With her Kewpie doll face and increasingly tattered medieval wedding dress, King is a game action hero, if not a notable one. The princess clearly wants to be seen in the bloody younger tradition of David Leitch-related films like that John Wicks, Atomic Blondeand No one, but is more sloppy in construction and strives for longer takes while dishing out its punches in combat. it feels rushedwhich it probably was — Vietnamese-American director Le-Van Kiet already had two other films in theaters this year, the horror film the ancestors and the Alicia Silverstone Shark Attack Thriller the rekin. He is best known for the 2019 gangster drama fury, and here enlists the film’s star, Veronica Ngo, to play Linh, the disciple of the king’s adviser, Khai (Kristofer Kamiyasu). The king, it is explained, has always opened his doors to “outsiders,” which Julius derides as a weakness, though xenophobia is as half-hearted a sign of villainy as aristocratic acceptance is a display of generosity. Linh and Khai are there to participate in the time-honored film tradition of affirming white dominance in Asian martial arts. When the princess defeats Khai in a skirmish, he emphasizes that she “has the heart of a warrior” and solemnly presents her with the sword, which she uses to impale various henchmen.

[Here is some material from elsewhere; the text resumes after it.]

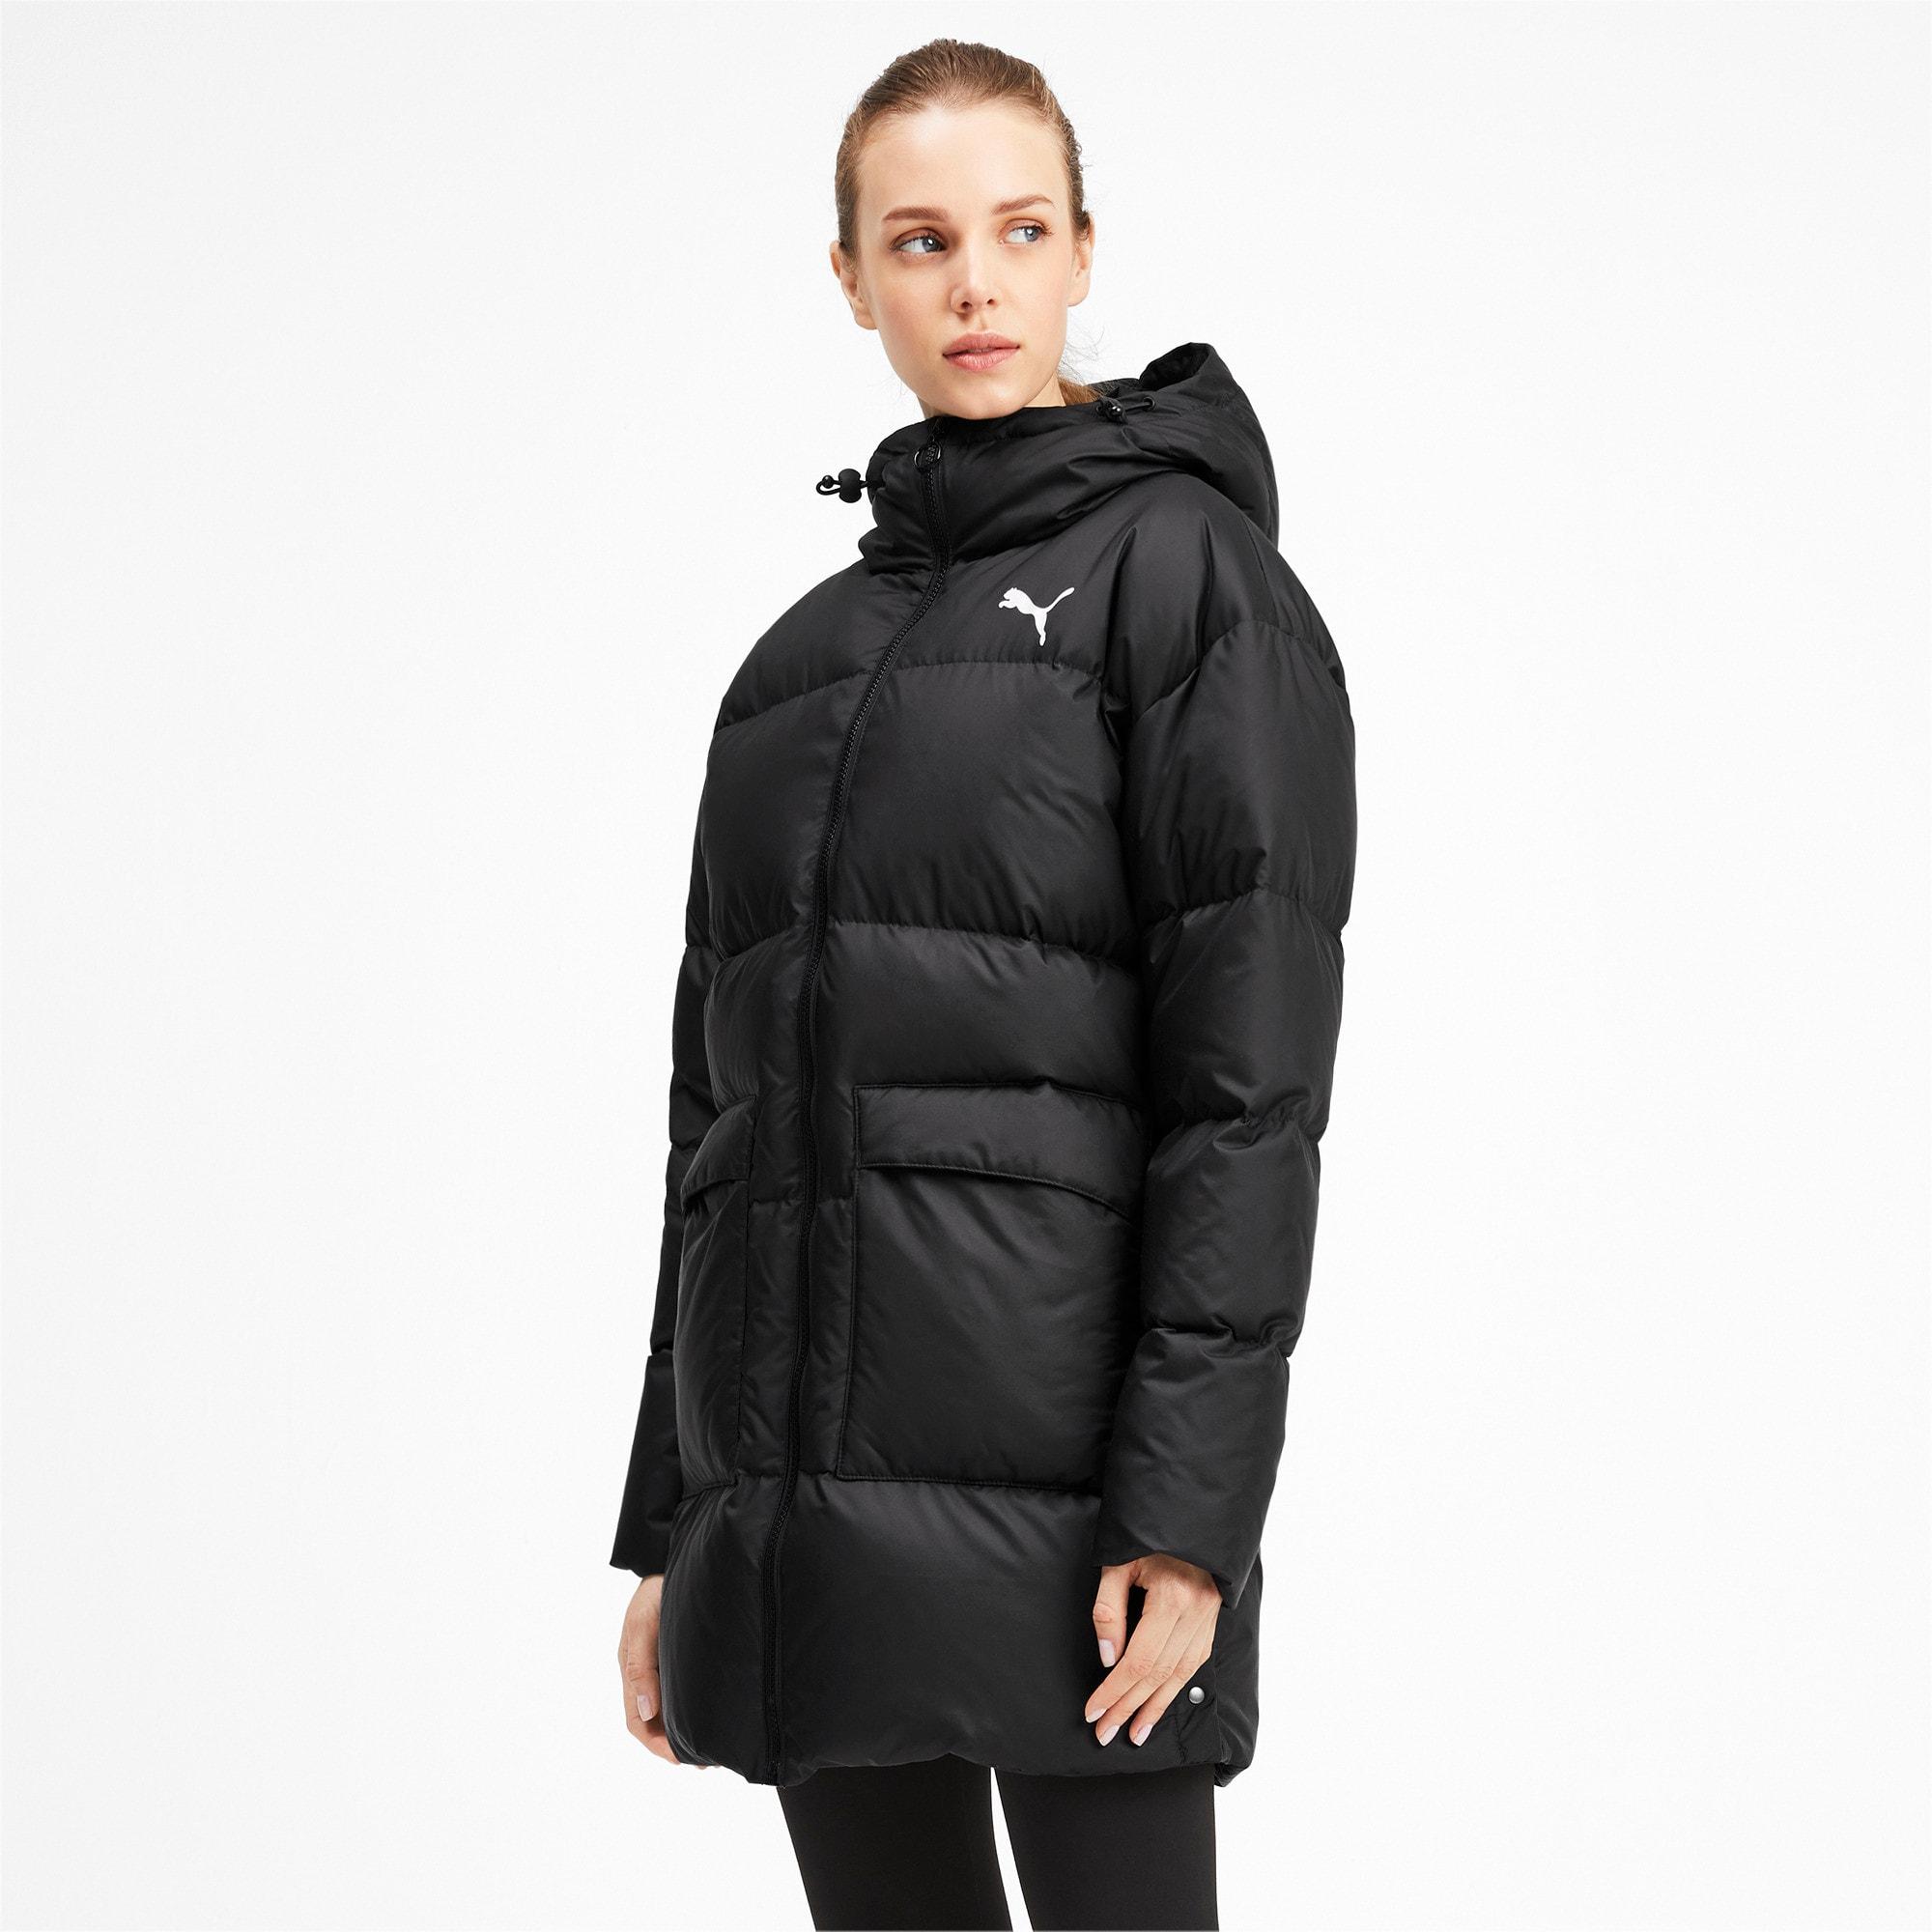 Thumbnail 1 of 450 Long Hooded Down Women's Coat, Puma Black, medium

So why can’t I stop thinking about this stupid movie elevator pitch gag? His empty girl power aesthetic has the quality of an intrusive thought. Like something from a time capsule that broke up too soon The princess is an artifact of girlboss feminism that lacks resonance but is also not distant enough to have any curiosity value. As the protagonist strips her voluminous outfit down to a combat corset and billowing skater skirt, and howls about the fact that she’s “not property to be traded,” the film’s routine commodification of oppression comes as a set of catchphrases in an era of genuinely misogynistic national crisis extraordinarily painful. There is so much to be angry about right now, and anger can be cathartic and when shared can feel like an outstretched hand. Or in the case of The princess, it can be turned into an affirmation of the current order, which seems perfectly fine, save for the need for a royal lady on the throne of the theme park monarchy, which the film barely managed to invent. She turns anger into a joke, which she believes is permissible because she assumes that equality is secure and self-evident.